Question

10.00 mL of the final acid solution is reacted with excess barium chloride to produce a precipitate of barium sulfate (Fw: 233.4 g/mol). The dry solid weighs 0.397 g. Use this mass and the dilution volumes to calculate the actual molarity of the sulfuric acid in the initial solution. *(In a previous question 10.00 mL of approx. 6 M sulfuric acid is transferred to a 100mL volumetric flask and diluted to the mark with distillied water and mixed. Then 10.00 mL of this solution was further diluted to 100 mL. The molarity of the final solution was 0.06 M).

Answer 1

BCE
\[H _{2}SO _{4}(aq) + BaCl _{2}(aq) \rightarrow BaSO _{4}(s) + 2HCl\]

So far, I did:
\[0.397gBaSO _{4} \times \frac{ 1 molBaSO _{4} }{ 233.4 g BaSO _{4} }\times \frac{ 1 mole H _{2} SO _{4} }{ 1moleBaSO _{4} }\times \frac{ 98.074gH _{2}SO _{4} }{ 1 moleH _{2}SO _{4} }=0.1668g\]
Which gave me the mass of the sulfuric acid.

Then, I did...
\[0.1668gH _{2}SO _{4}\times \frac{ 1 mole H _{2}SO _{4} }{ 98.078g H _{2}SO _{4}}= 0.001701 moles H _{2}SO _{4} \]
Finally, I did:
\[\frac{ 0.001701moles H _{2}SO _{4} }{ 0.01L }= 0.17 M H _{2}SO _{4}\]
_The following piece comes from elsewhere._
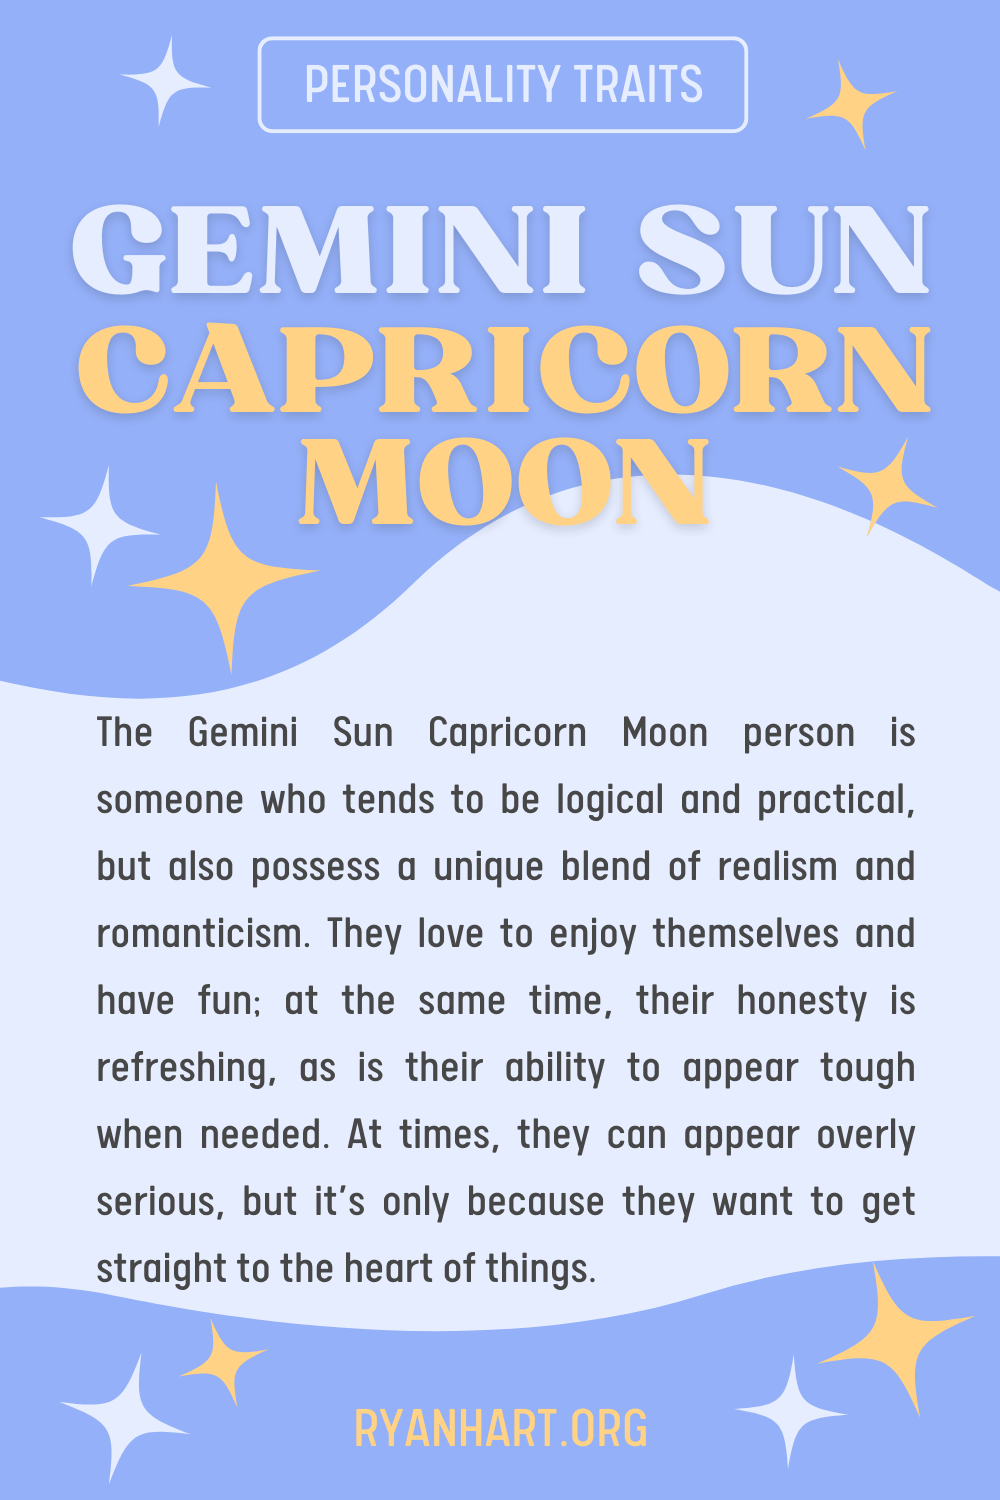  Bessons Sol Capricorn Lluna Trets de personalitat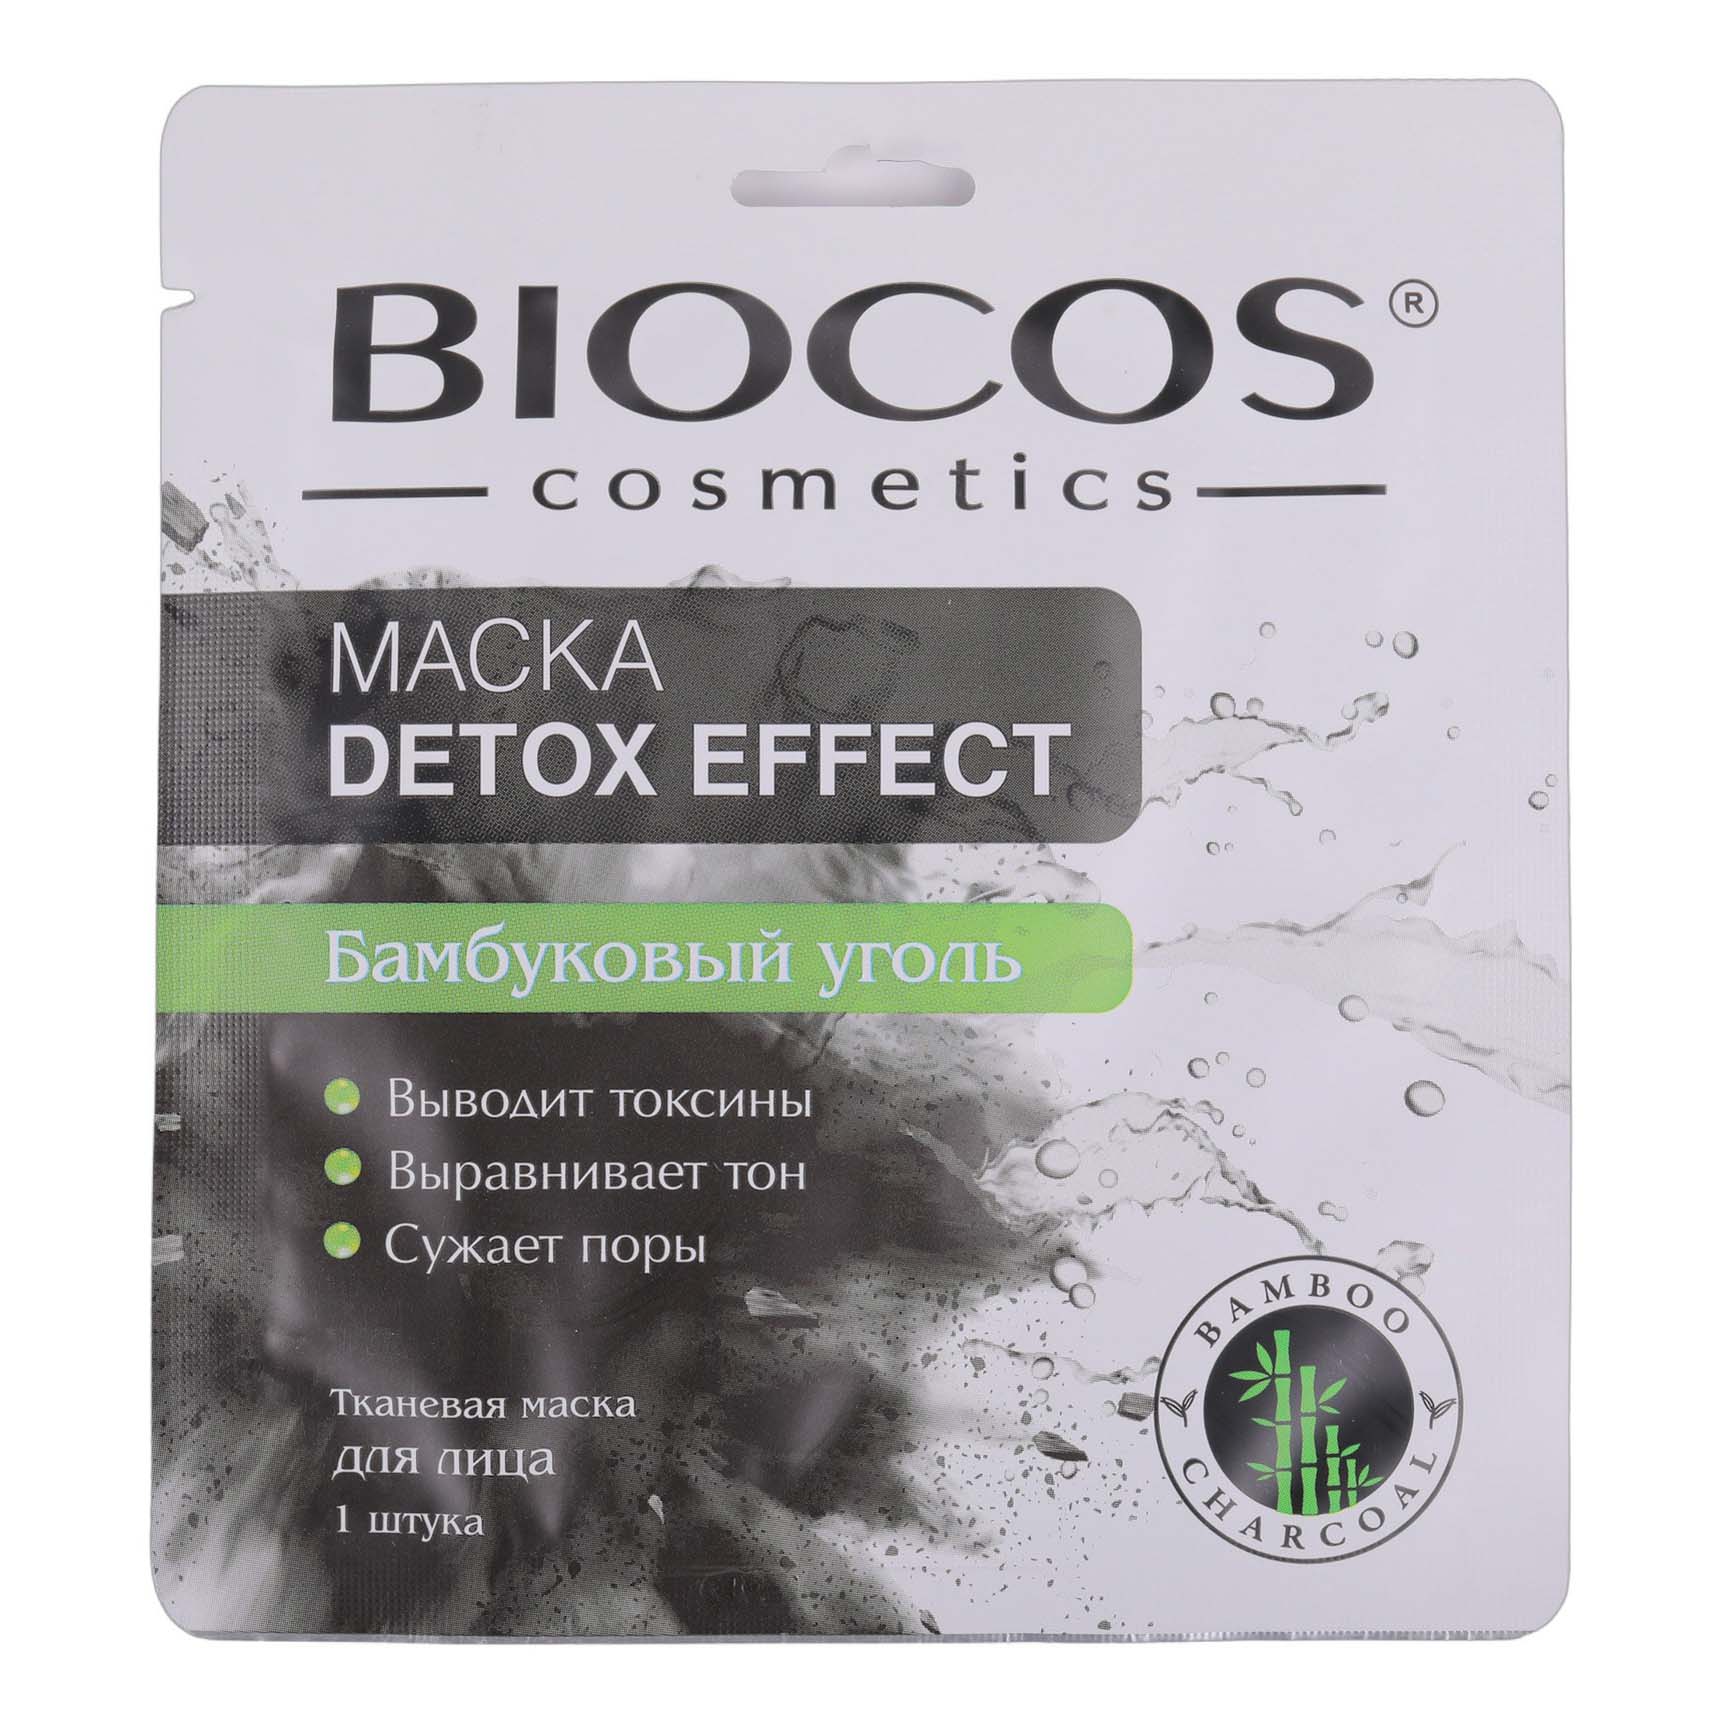 Маска тканевая для лица Biocos Detox Effect с бамбуковым углем 1 шт lebelage тканевая маска для лица с экстрактом винограда 25 0

Is this correct? If not, where did I go wrong? Thank you in advance for your input!

Answer 2

2HCl(aq)**

Answer 3

@Jhannybean If you get a minute, can you look at the work above and if you know how to solve it let me know if I did that correctly? If not, can you give me some pointers as to where I went wrong? If not, I understand. Thanks in advance if you can!

Answer 4

What you calculated is the concentration of sulfuric acid in the final acid solution. If I've understood the question, they want the concentration for the initial acid solution. You just need to use M1V1=M2V2 to go backwards for each dilution previously done.

Otherwise looks good!